Tuesday, April 24, 2012

As part of our second semester we had to visit various cultural and fashionable locations in London and write just 150 words. The short pieces could be anything we liked and so I decided to let my imagination run wild an create stories about the people I saw (or stalked, depending on how you look at it). Here are some of my favourites.

Portraits 

A collection of sketches of people in London
 

The East-End Artist

In The Book Club, a café that looks more like a school canteen that has only the cool-kids present, a mother and daughter enter. The daughter, a beanie wearing, baggy jeans inhabitant shows her mother to a table.

“This is nice,” says the mother. She has white-cropped hair and is a lot bigger than her daughter in size.

“Yeah, it’s cool,” the daughter replies, looking around sheepishly. She is obviously from around here, her mother’s accent and clothes prove otherwise.

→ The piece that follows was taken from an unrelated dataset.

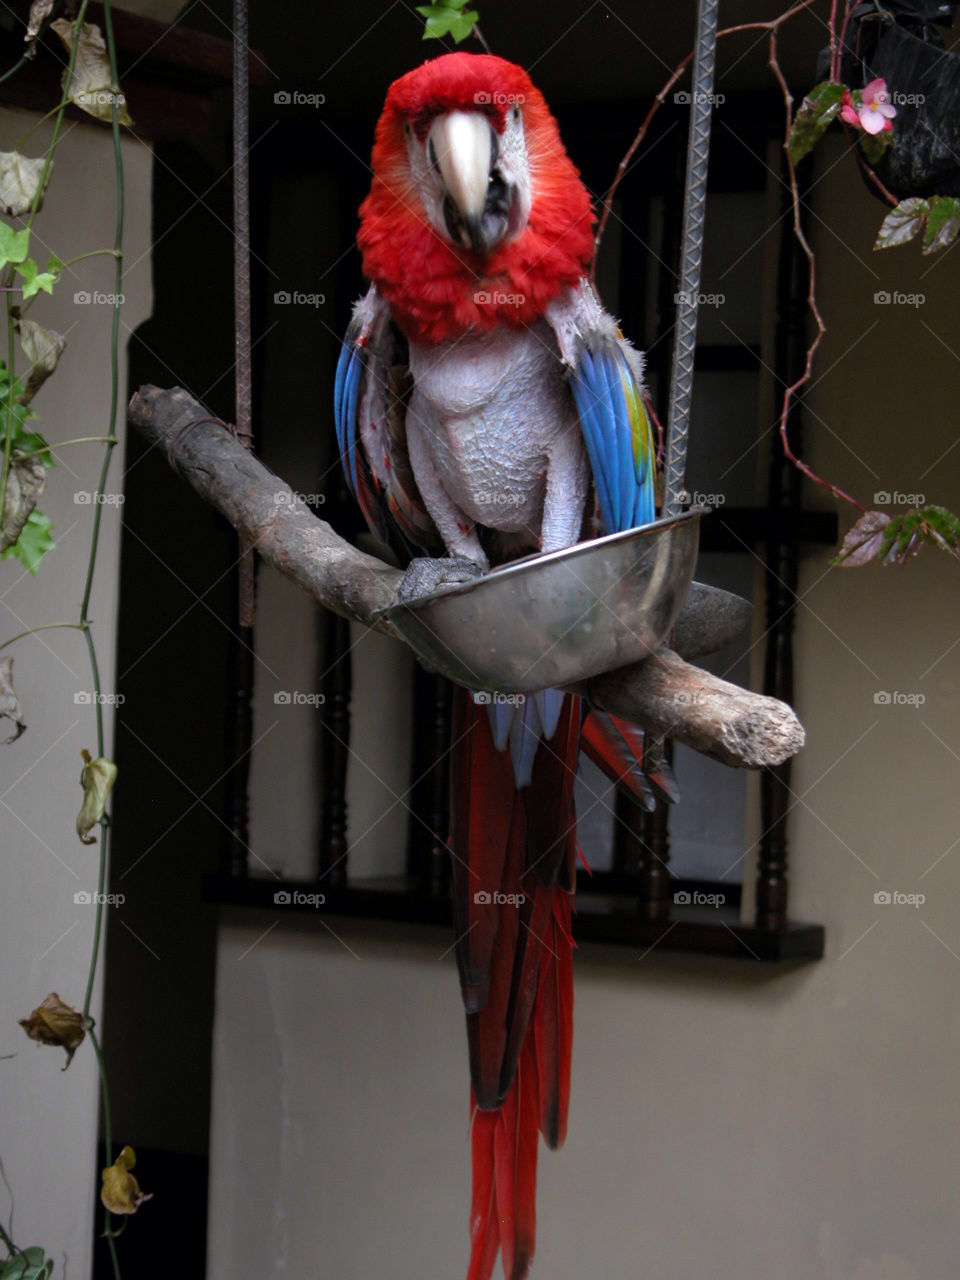 parrot antigua multi colored antigua guatemala by jpt4u
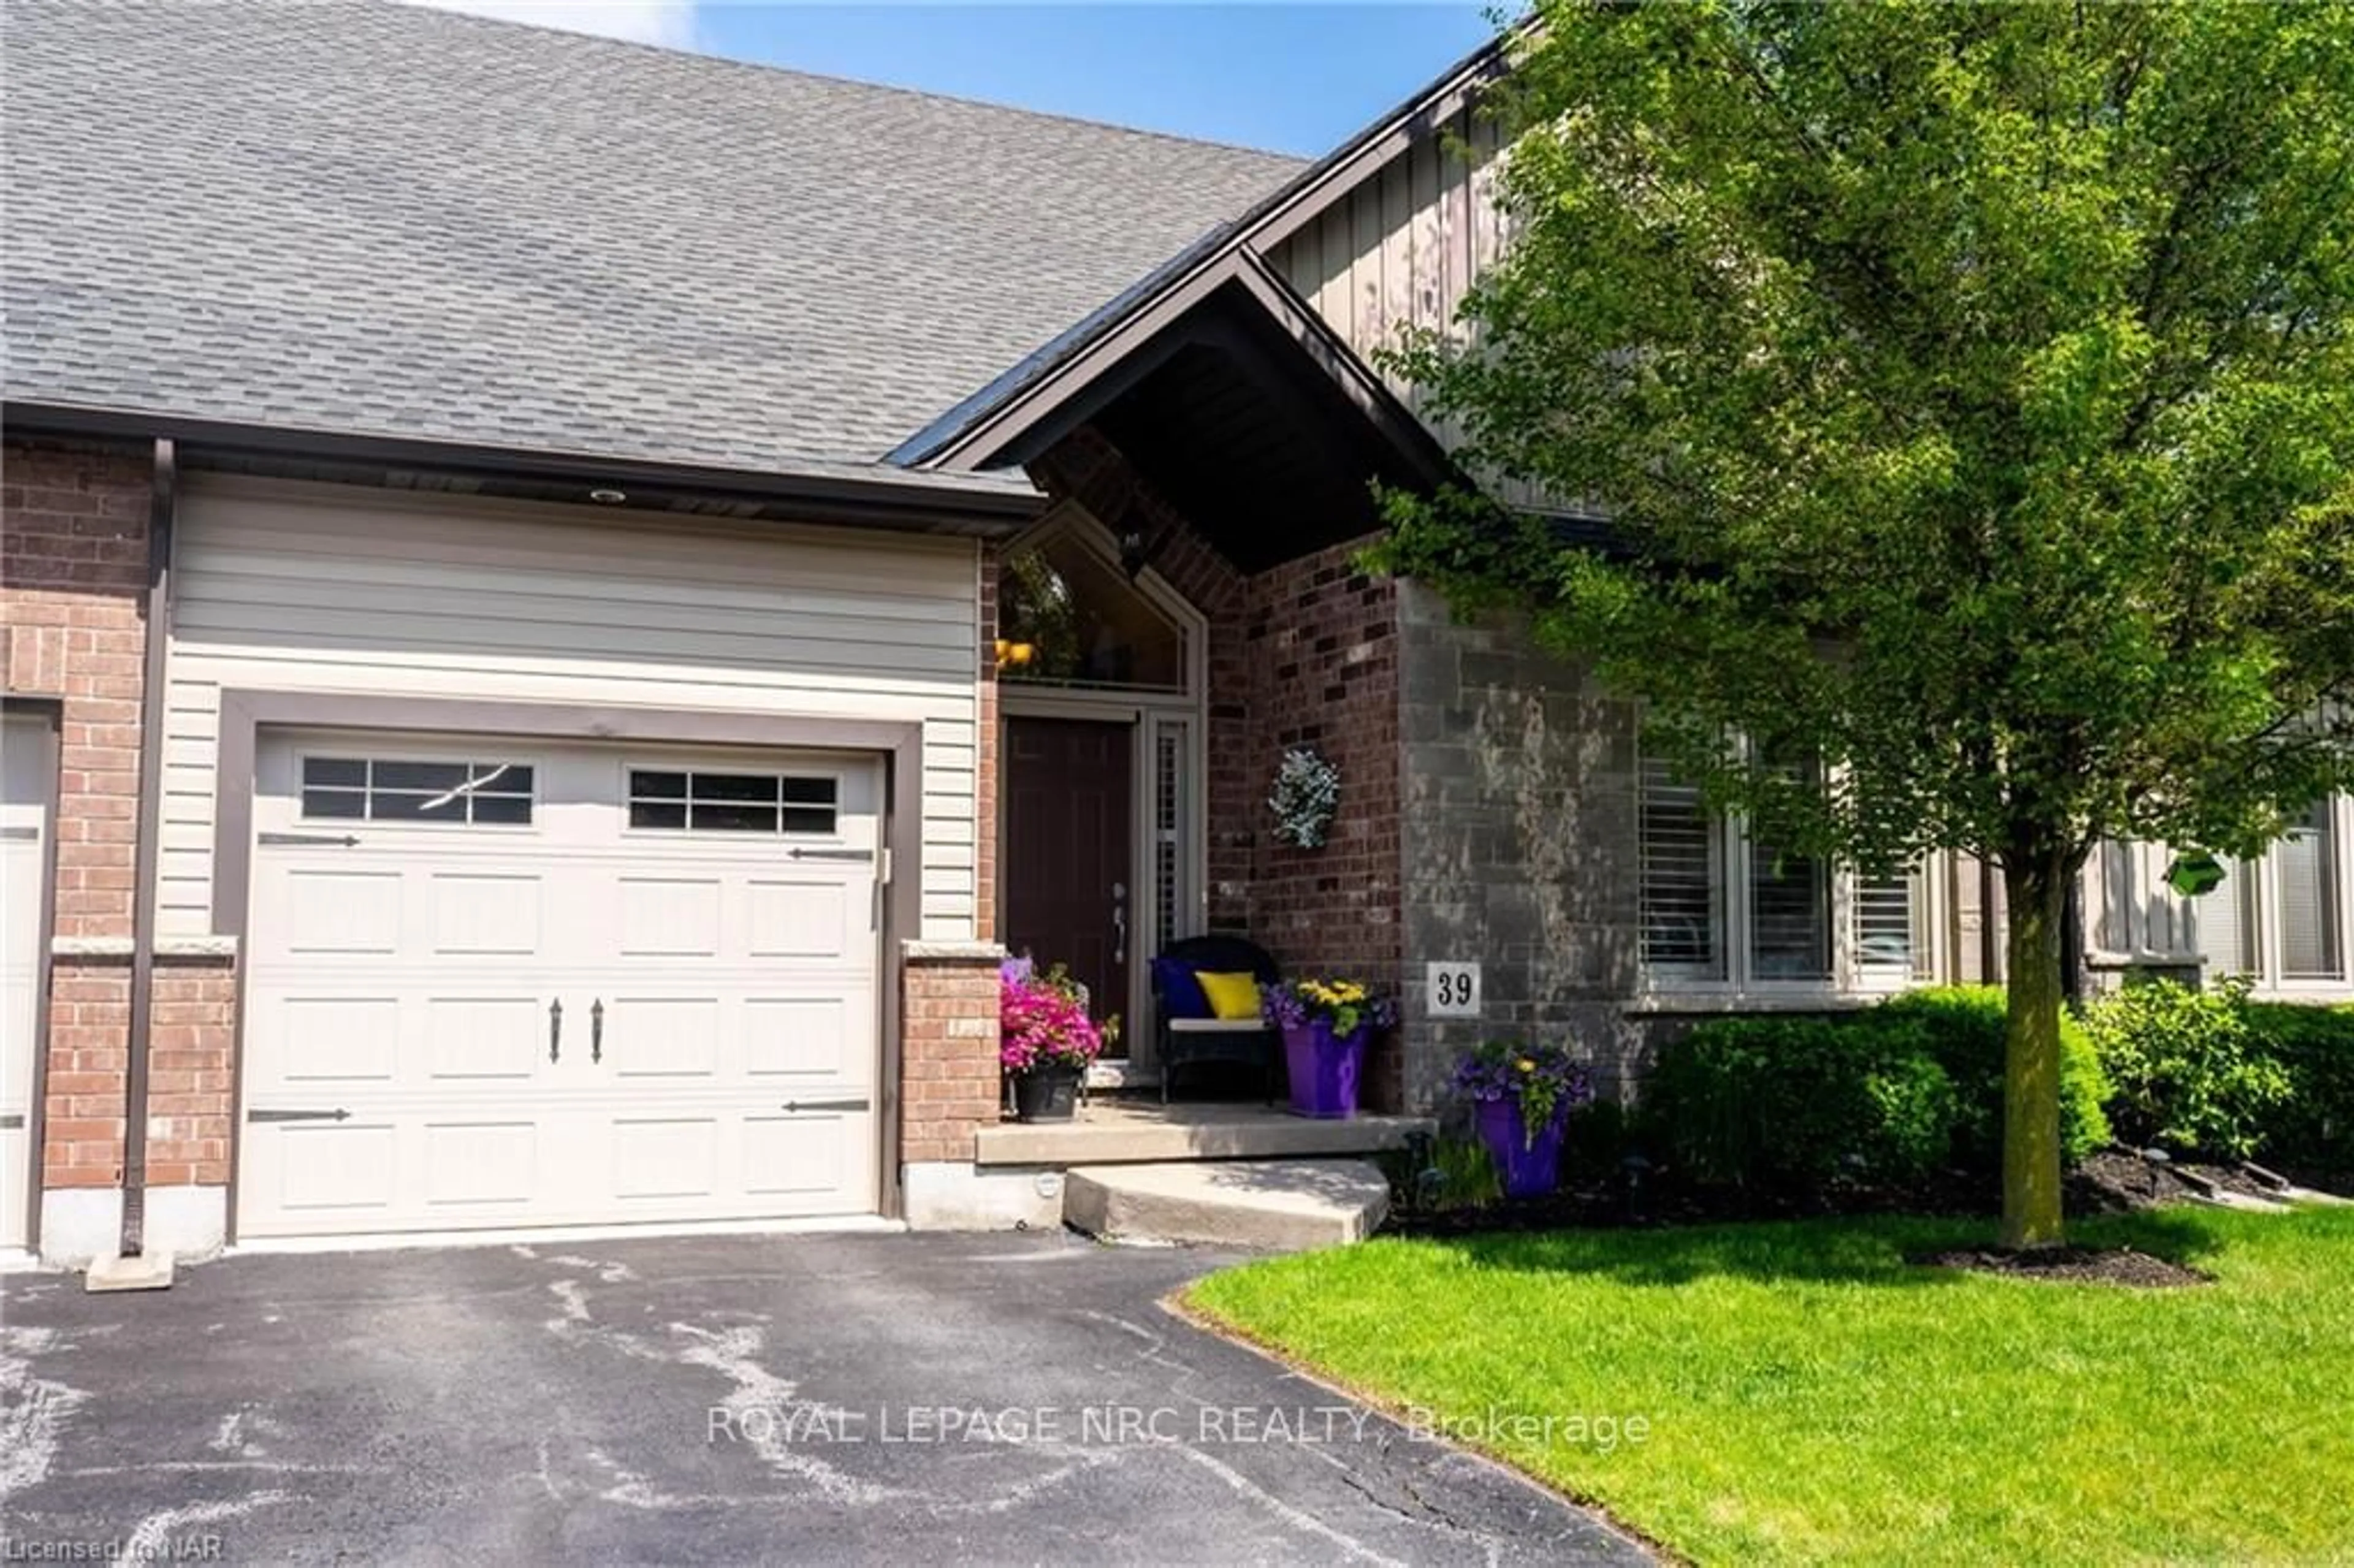 Home with brick exterior material for 9440 Eagle Ridge Rd #39, Niagara Falls Ontario L2H 0G6

They sit for a silent moment, looking around, in every direction except each others, until the mother asks “you hungry?”

“Starved!”

As they wait for their food to come, the daughter nervously gets out a folder full of print outs and begins to show her mother all her work. She is a talented painter. The mother looks down at the work and back up to her daughter, showing her a proud smile.

Photo Credit: Caroline Bodin

The Waitress 

It was dreary and disserted, so I found cover in a top-level café. I was the only patron. “I’ll have a latte and a cookie,” I said to the waitress as she began making my coffee automatically. The glazed look in her eye made me realise I was the only customer they have had today. I took my drink and my wrapped chocolate treat and sat on one of the wooden benches near the back, took out my Vanity Fair and began to read, silently observing the waitress.

She stared out into the clouded sky, counting the raindrops to pass the time.  Footsteps in the distance caused her to twitch, her fingers trembled in anticipation of something to do. But no one came. Back to her seat she went, continuing to stare out onto the Shoreditch High Street view. Ten minutes passed, and still no one entered. Boxpark is not the place to venture out to on such a rainy day.

The Girl With The Phillip Lim Bag 

I saw it out of the corner of my eye. It’s leather looked so soft, even from a distance. The camel and black 31 Hour Two-Tone Tote that I had been lusting after for months was being paraded through Harvey Nichols by someone so undeserving. Possibly she had stolen it from her mother’s wardrobe, maybe it was a present from a distant relative, either way this blonde girl could not have been one day over the age of 11. She couldn’t possibly know that its simplicity is its beauty, that it should be cradled – not dangled and swung about as the girl was doing. She might not even know who 3.1 Phillip Lim is as a designer.

I followed her with my eyes as she passed me, completely unaware of my jealousy. I wanted to grab the bag and run away. It’s times like this when you realise something’s are just really unfair.

The Man With Great Style

We were making our way into London, taking the Overground straight to Shoreditch High Street. Never before taking this kind of transportation, I was intrigued. Eager. Like a three year old child’s first time on the bus. Continuously looking around, I scanned the commuters’ ensembles, assuming to find them of the hipster variety. I was a little disappointed.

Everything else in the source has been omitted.